法定相続情報一覧図とは
法定相続情報一覧図とは、亡くなった方と相続人の関係を一覧にまとめた図のことです。
法務局に戸籍一式と法定相続情報一覧図を提出し、内容を確認してもらうことで、認証文付きの「法定相続情報一覧図の写し」を取得できます。
この写しは、預貯金の相続手続き、不動産の相続登記、相続税申告などで、戸籍一式の代わりとして利用できる場合があります。
相続手続きでは、金融機関や法務局など複数の提出先から戸籍一式の提出を求められることがあります。法定相続情報一覧図を作成しておくと、同じ戸籍の束を何度も提出する手間を減らせる可能性があります。
この記事では、法定相続情報一覧図の作り方、必要書類、申出先、利用できる場面、注意点についてわかりやすく解説します。
法定相続情報一覧図を作るメリット
法定相続情報一覧図を作る主なメリットは、相続手続きで戸籍一式を何度も提出する負担を減らせることです。
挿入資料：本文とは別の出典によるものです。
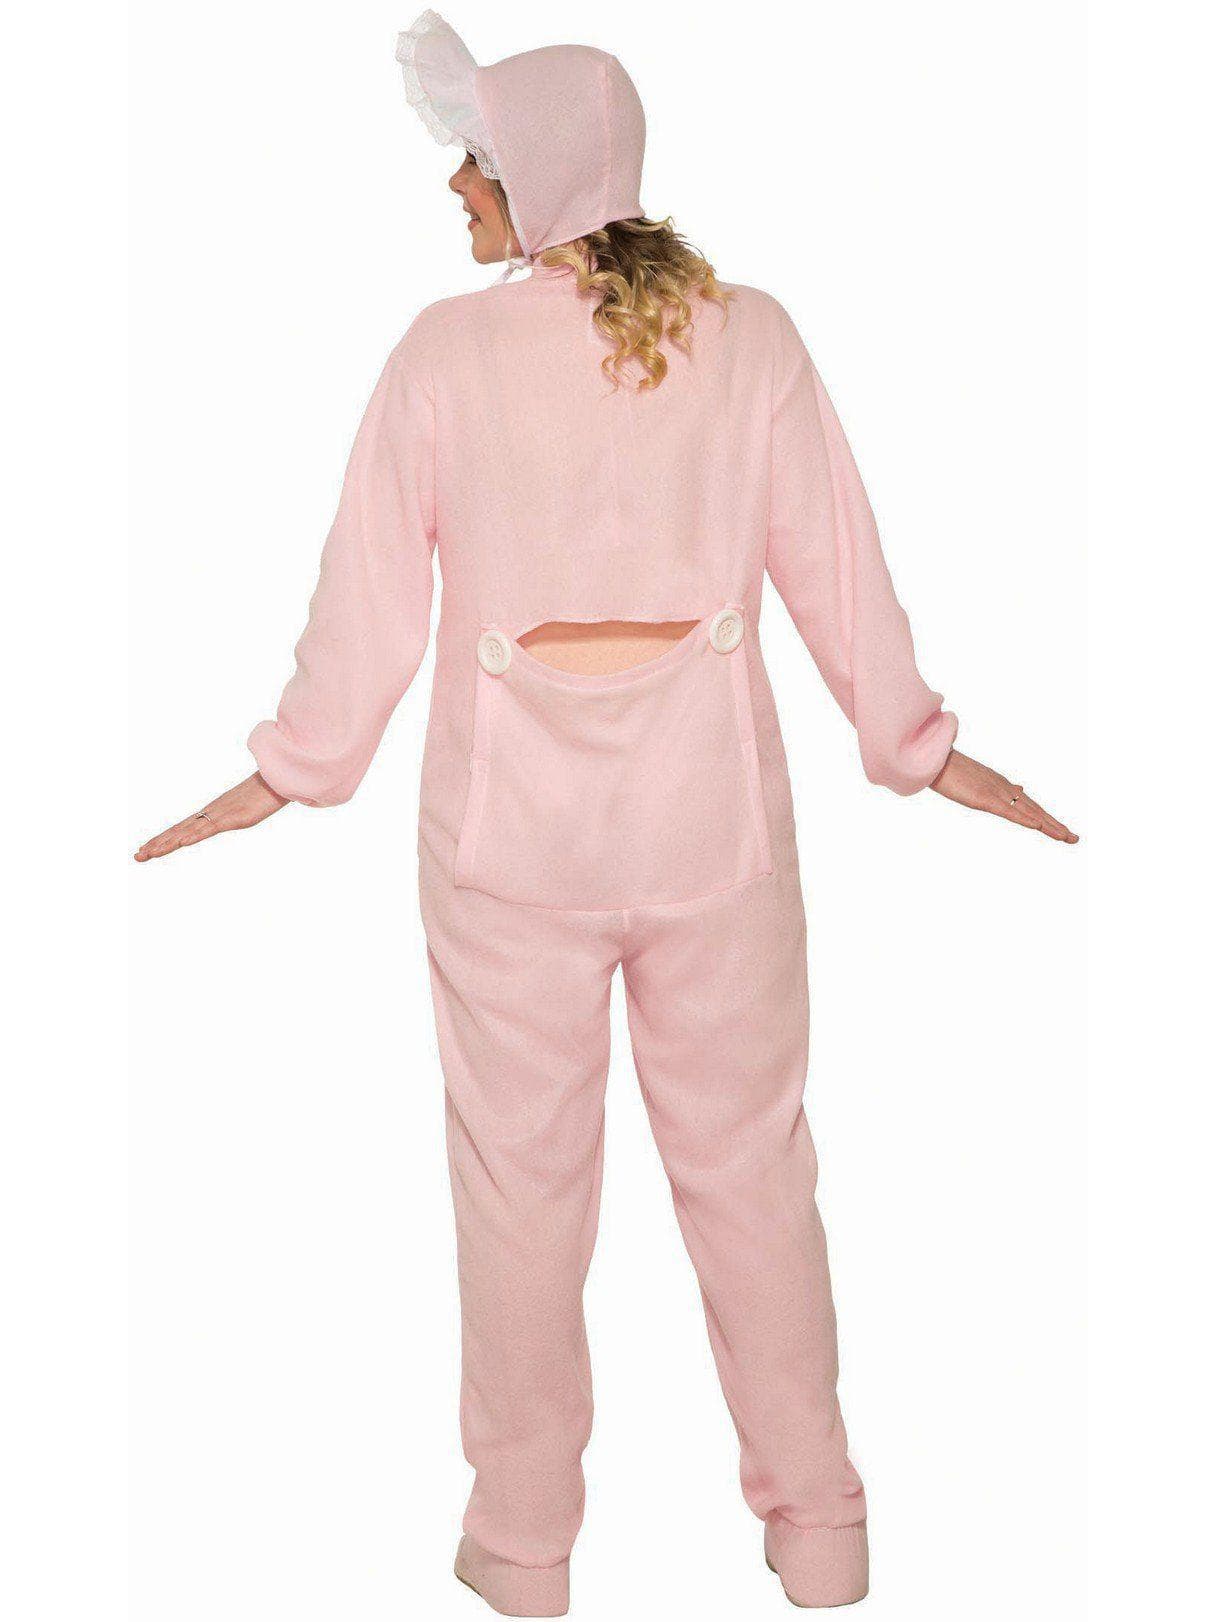 Adult Jammies Pink Costume - costumes.com

相続では、亡くなった方の出生から死亡までの戸籍、相続人の戸籍など、多くの戸籍を集める必要があります。
複数の銀行口座、不動産、証券口座などがある場合、それぞれの窓口で戸籍一式を提出することになり、手続きが煩雑になります。
法定相続情報一覧図の写しを取得しておけば、提出先によっては戸籍一式の代わりとして利用できます。
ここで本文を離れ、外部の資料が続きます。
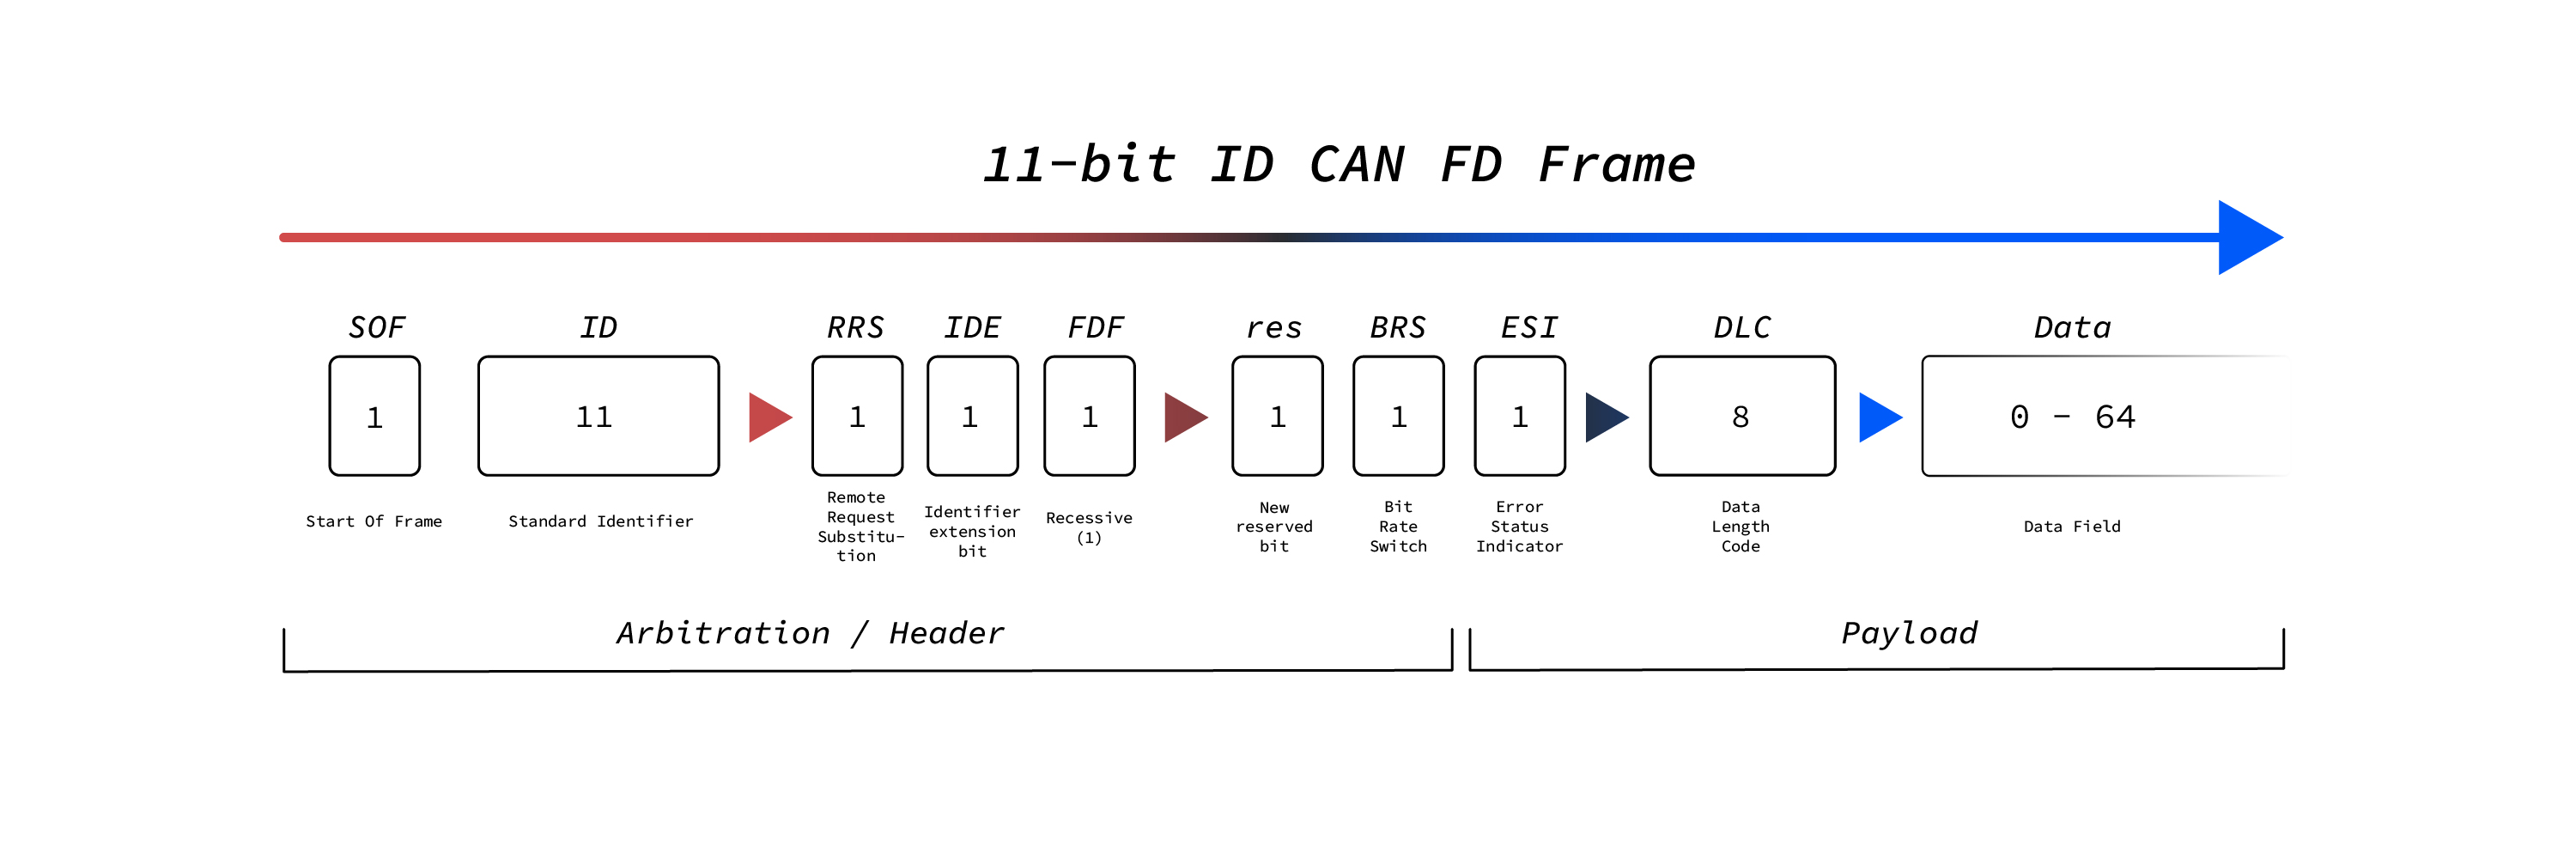 11-bit ID CAN FD frame

特に次のような場合は、法定相続情報一覧図を作成するメリットが大きいといえます。
- 複数の金融機関に口座がある
- 不動産の相続登記も必要
- 証券口座や保険の手続きもある
- 相続人が複数いる
- 戸籍一式の枚数が多い
- 相続手続きを効率よく進めたい
法定相続情報一覧図を作る基本的な流れ
法定相続情報一覧図は、一般的に次の流れで作成します。
- 亡くなった方の戸籍を集める
- 相続人の戸籍を集める
- 住民票の除票など必要書類を準備する
- 法定相続情報一覧図を作成する
- 申出書を作成する
- 法務局へ申出を行う
- 認証文付きの法定相続情報一覧図の写しを受け取る
制度としては便利ですが、法定相続情報一覧図を作るためには、まず戸籍収集が必要です。
つまり、戸籍を集める作業そのものが不要になる制度ではありません。最初に戸籍を正しく集め、その内容に基づいて相続関係を一覧図にまとめる制度です。
必要書類を集める
法定相続情報一覧図の申出では、相続関係を確認するための書類が必要になります。
主な必要書類は、次のとおりです。
| 書類 | 内容 | 取得先 |
|---|---|---|
| 亡くなった方の戸籍謄本・除籍謄本・改製原戸籍 | 出生から死亡までの相続関係を確認する書類 | 本籍地の市区町村役場 |
| 亡くなった方の住民票の除票 | 最後の住所を確認する書類 | 最後の住所地の市区町村役場 |
| 相続人全員の戸籍謄本または抄本 | 相続人が現在も生存していることなどを確認する書類 | 各相続人の本籍地の市区町村役場 |
| 申出人の本人確認書類 | 申出人の氏名・住所を確認する書類 | 運転免許証、マイナンバーカードなど |
| 相続人の住民票 | 一覧図に相続人の住所を記載する場合に必要 | 各相続人の住所地の市区町村役場 |
| 委任状 | 代理人に依頼する場合に必要 | 申出人が作成 |
亡くなった方の戸籍は、現在の戸籍だけでは足りないことが多く、出生から死亡までの連続した戸籍が必要です。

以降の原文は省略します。